Content starts

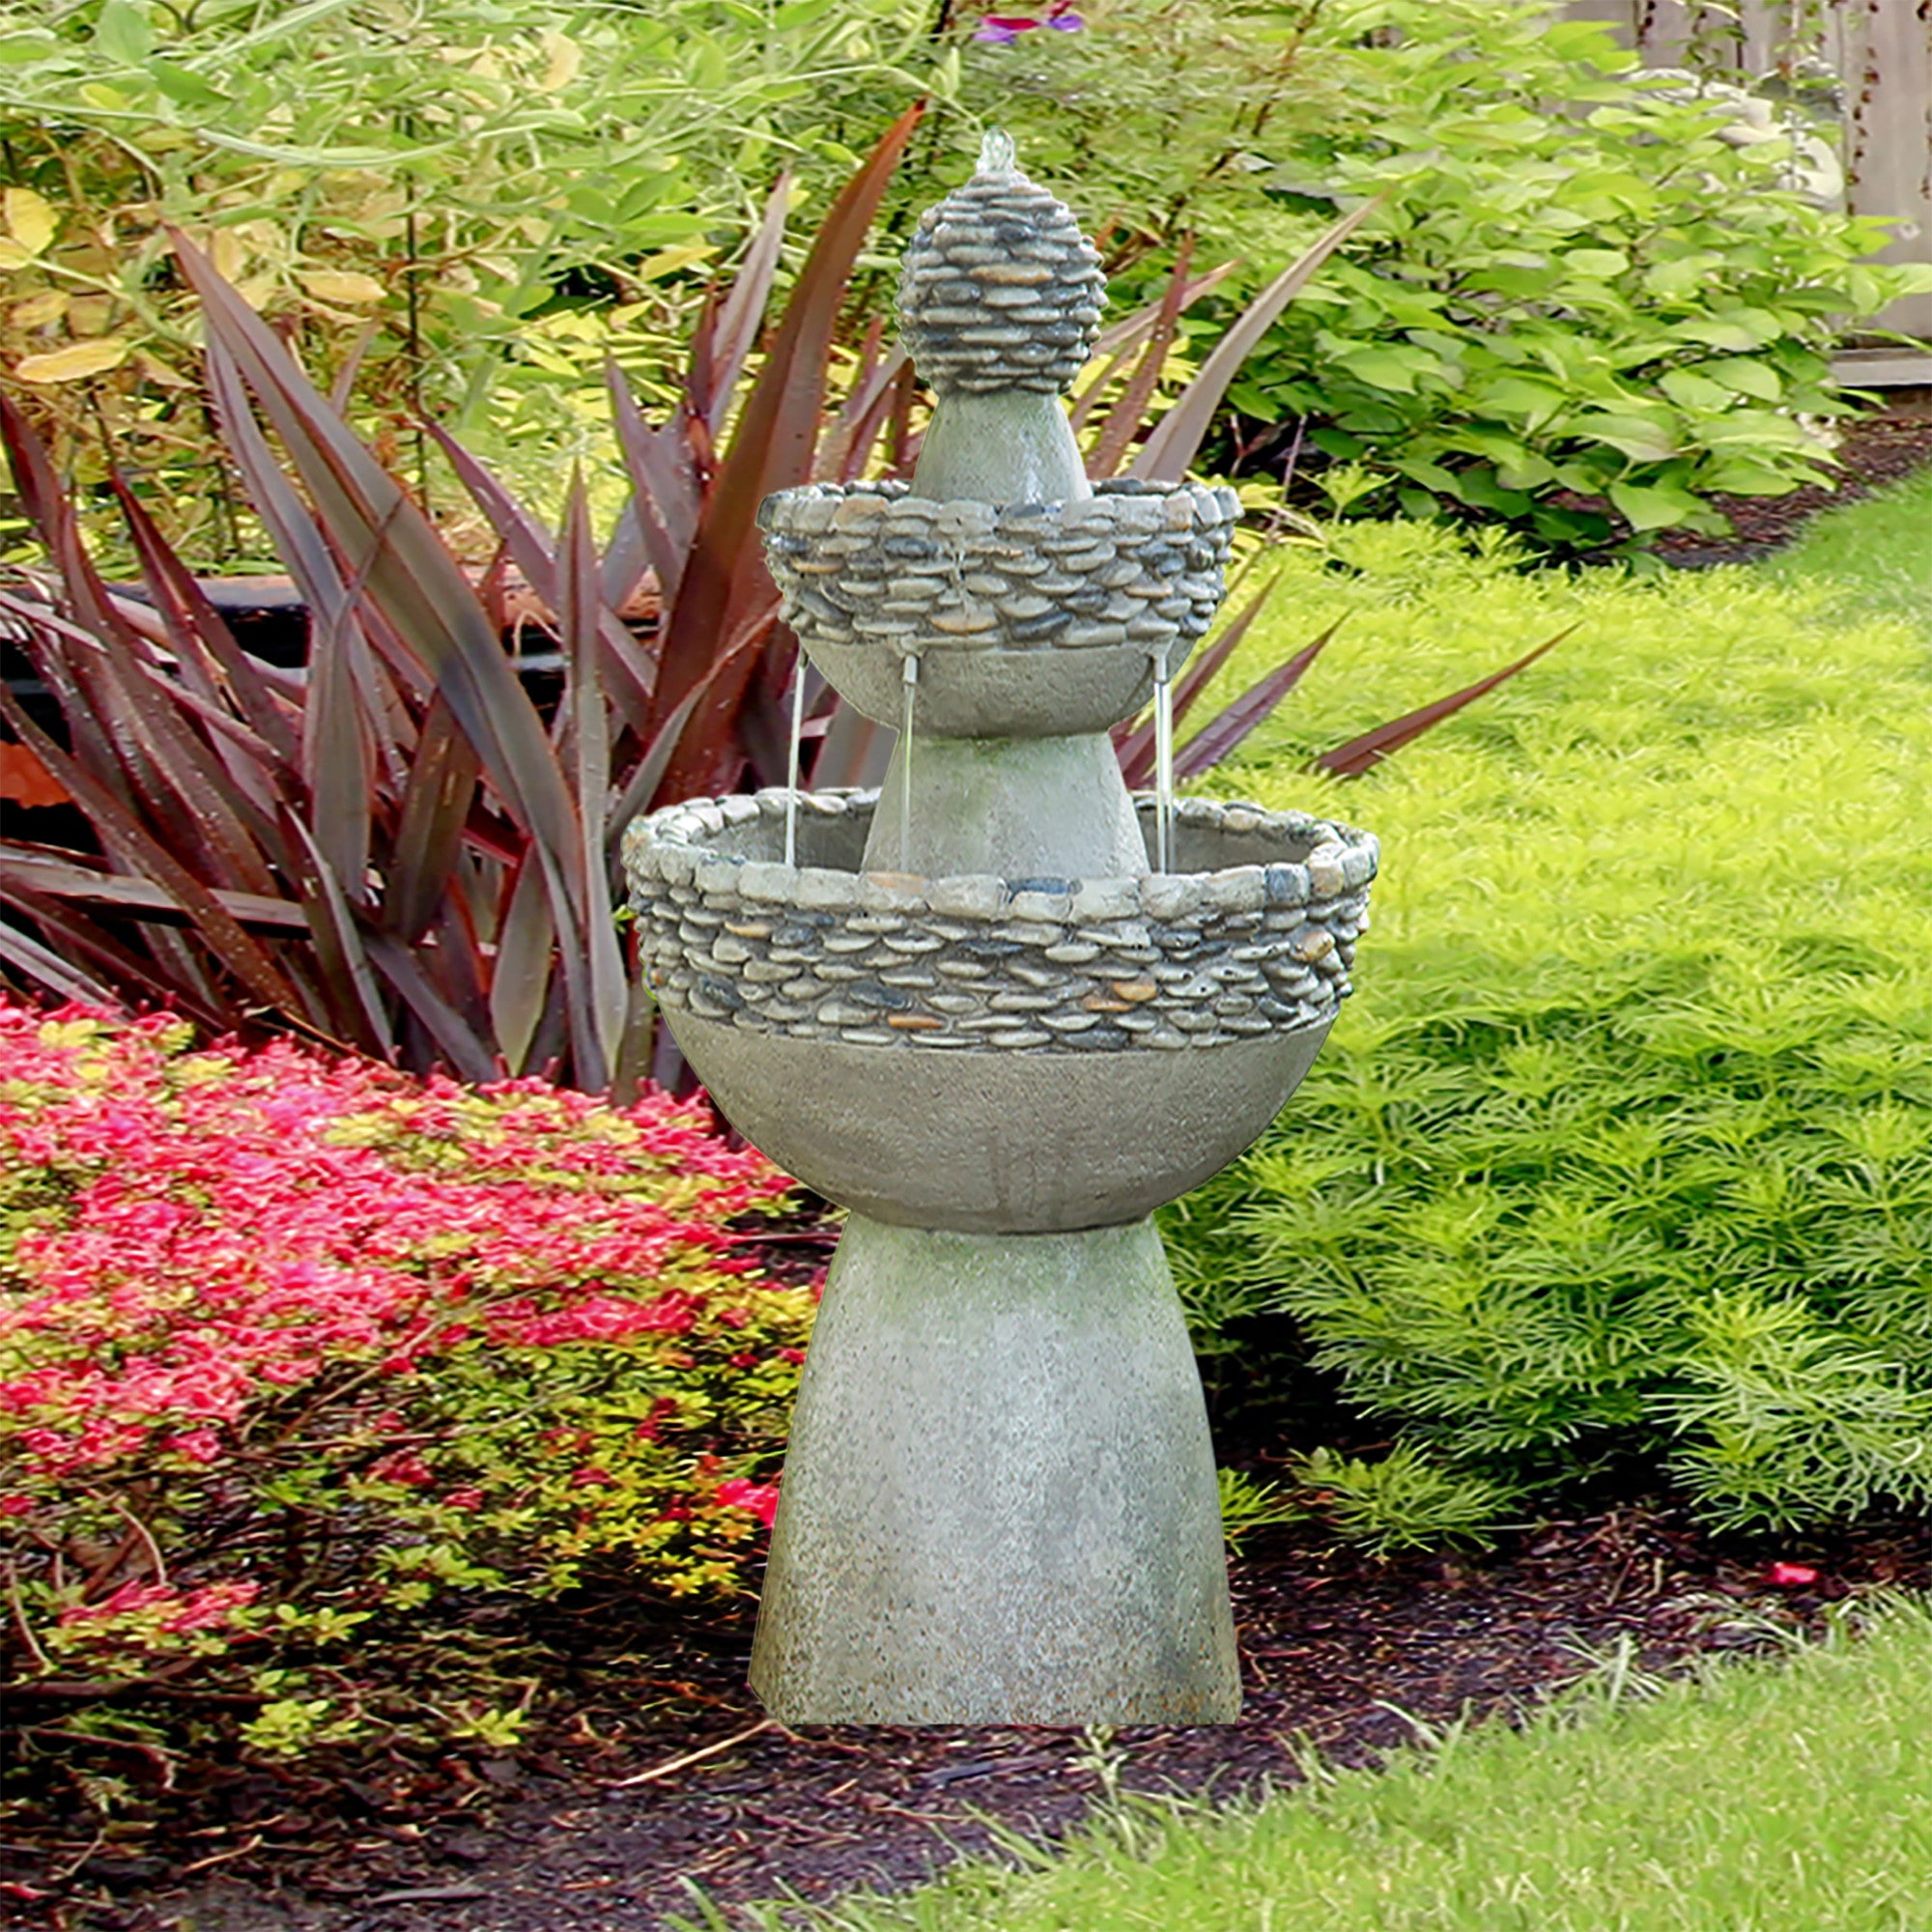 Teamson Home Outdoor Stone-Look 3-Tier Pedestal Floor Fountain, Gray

Content ends
Content starts

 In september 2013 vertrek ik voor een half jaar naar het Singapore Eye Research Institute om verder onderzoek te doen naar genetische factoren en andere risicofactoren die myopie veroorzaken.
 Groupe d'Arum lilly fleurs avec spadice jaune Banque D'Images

Content ends

**Task goal:** A word-for-word copy of the lines above from the one with "In september 2013" through the one with "Groupe d'Arum lilly", inclusive, is the only output wanted.

**Answer space:**
 In september 2013 vertrek ik voor een half jaar naar het Singapore Eye Research Institute om verder onderzoek te doen naar genetische factoren en andere risicofactoren die myopie veroorzaken.
 Groupe d'Arum lilly fleurs avec spadice jaune Banque D'Images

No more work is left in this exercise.